Today, Kate is sharing her views on self-care in academia. As an American abroad, Kate graduated with her PhD in Archaeology from the University of Sheffield in 2010. At present Kate splits her time working for the US government as a Navy Intelligence Officer during the day and writing on Greek Bronze Age archaeology at night. She blogs at: https://duckingoutfromacademia.wordpress.com
Until Eva brought the topic of self care in academia to my attention, I realized I have never once heard this phrase mentioned—the very idea of caring for oneself, with all its attendant soothing and calming overtones, runs counter to academic culture. We simply do not talk about caring for oneself; we talk about surviving—and we reward those who can thrive in competition. We don’t tell graduate students to nurture themselves—we tell them to get used to it.
I cannot consider the issue of self care without acknowledging how the desertification of the job market—at least in the arts and sciences—exerts relentless pressure on all the young academics I know, myself included. I was in grad school from 2002 until 2010, and reflecting on the (few and far between) job discussions I had while I was a student I’ve come to the conclusion that PhD supervisors frequently err on the side of caution and tell all of their students they’ll get jobs. This isn’t necessarily a bald-faced lie; now that I’ve been on the job market myself, and seen many others cycle in and out of positions, the truth is: The job market is unpredictable. Unpromising and lackluster academics have as good a chance at succeeding as anyone else. Certainly back in 2002 no one could have foreseen how bad the academic job market would become. Indeed, I am not sure we fully understand how bad the job market is even now. Where will the jobs be in 10 years? Who will be holding them? Perhaps at no other time in the past two centuries can an early career researcher feel certain that her future as an academic will be very different from the generations of professors that preceded her. And there is perhaps little else to be certain of.

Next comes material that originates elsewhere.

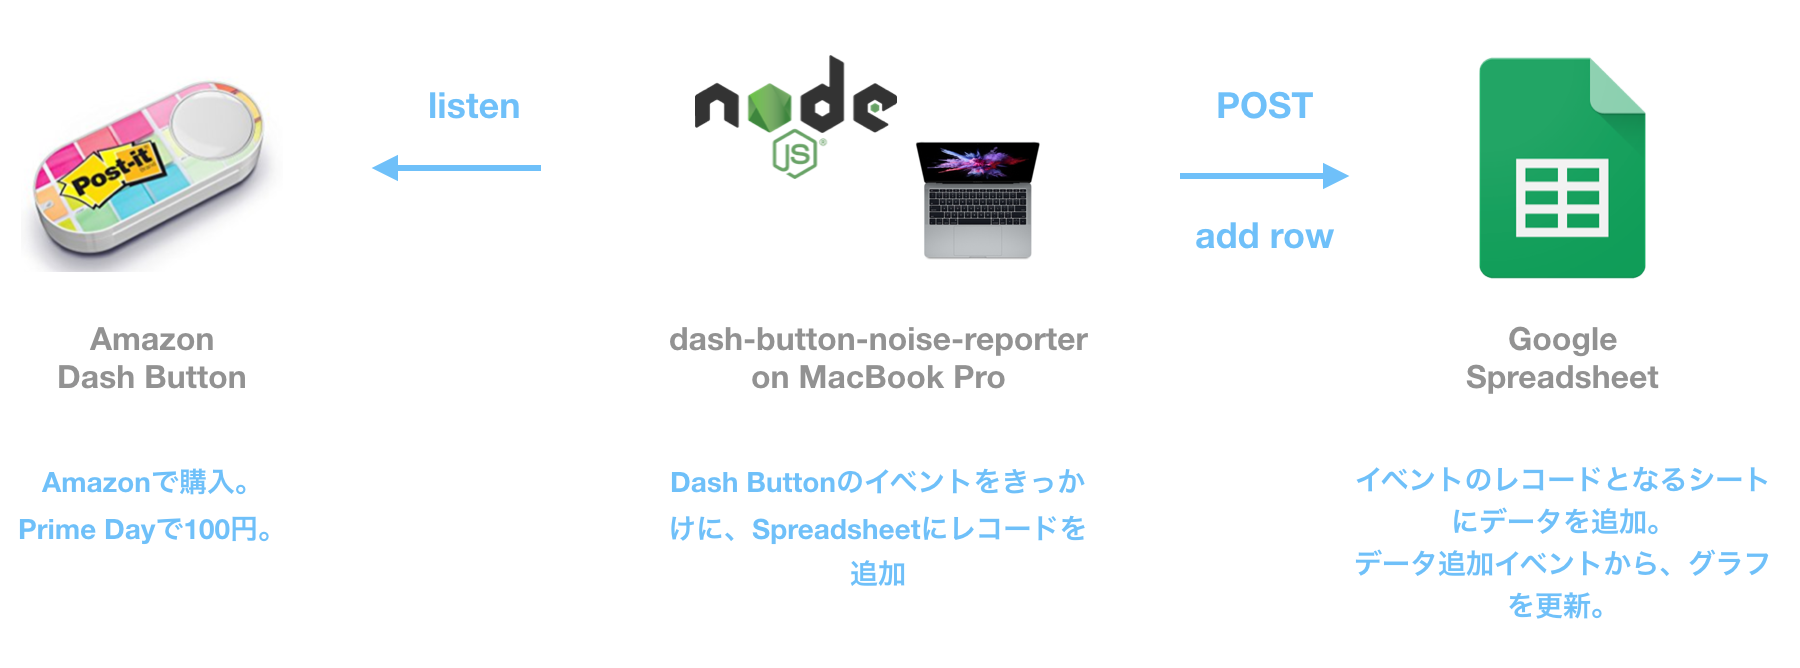 dash-button-architecture.png

Anxiety about the state of my future career has a tendency to creep into my job applications, interviews, and even how I do my job when I hold the position. The problem lies in my head; I keep trying to make my life in the actual world follow my projection of life as a tenured academic, and of course, the reality is that I am not even sure there will be tenured Aegean prehistoric archaeology positions anymore. It is a tale as old as time; I get down and out about my job—and myself—because I keep trying to live in a fantasy. I regularly have to remind myself that we are living in a new era. Academic jobs in the future may not have tenure. University level teaching may become a product for sale. I am not sure where I will fit into this new world. No one does. The bottom line is that the greatest care I can extend to myself in this context is to stop living by these outdated expectations.
I had to come to this uncomfortable realization when I was at my most recent postdoc, a position I hated so much I wanted to leave after only a few weeks. I didn’t know how I could make it an entire year. In the end, I realized that my fear of being a failure was the only thing tying me to desperate unhappiness. And so I left the position. It turns out to have been a great decision for me, one that I look back on and give a mental thumbs up to my earlier miserable self. At first I dreaded telling people what I had done, but I have been surprised by the response—my PhD supervisor and my cadre of advisors who I turn to for guidance have been utterly supportive from the outset. I think they have been watching students’ careers wilt in the past couple of years, which must be emotionally and intellectually damaging for them as mentors. There has also been a minority of academics who were appalled at my choice. I politely listen to their advice about what they would have done if they had been me while mentally assessing them as being straitjacketed by their own projections.
Reading about freedom is not the same thing as feeling free. I do not feel free from my expectations of success 100% of the time. At times when I grapple with feelings of failure, I am worth the effort it takes to pause and remember that I am living my own life. I like to ask myself on a regular basis what I would do if I wasn’t afraid; the answers to this question frequently make my playing field twice as large. My path is wide open; it will encompass as much intellectual pursuit as I desire, and probably as much adventure, good times, and creativity as I’d like too. This attitude is sometimes called “having it all”, but I do not see it that way. I am not having it all. Neither am I turning my back on a “career” so that I can enjoy “life.” I am having what is mine.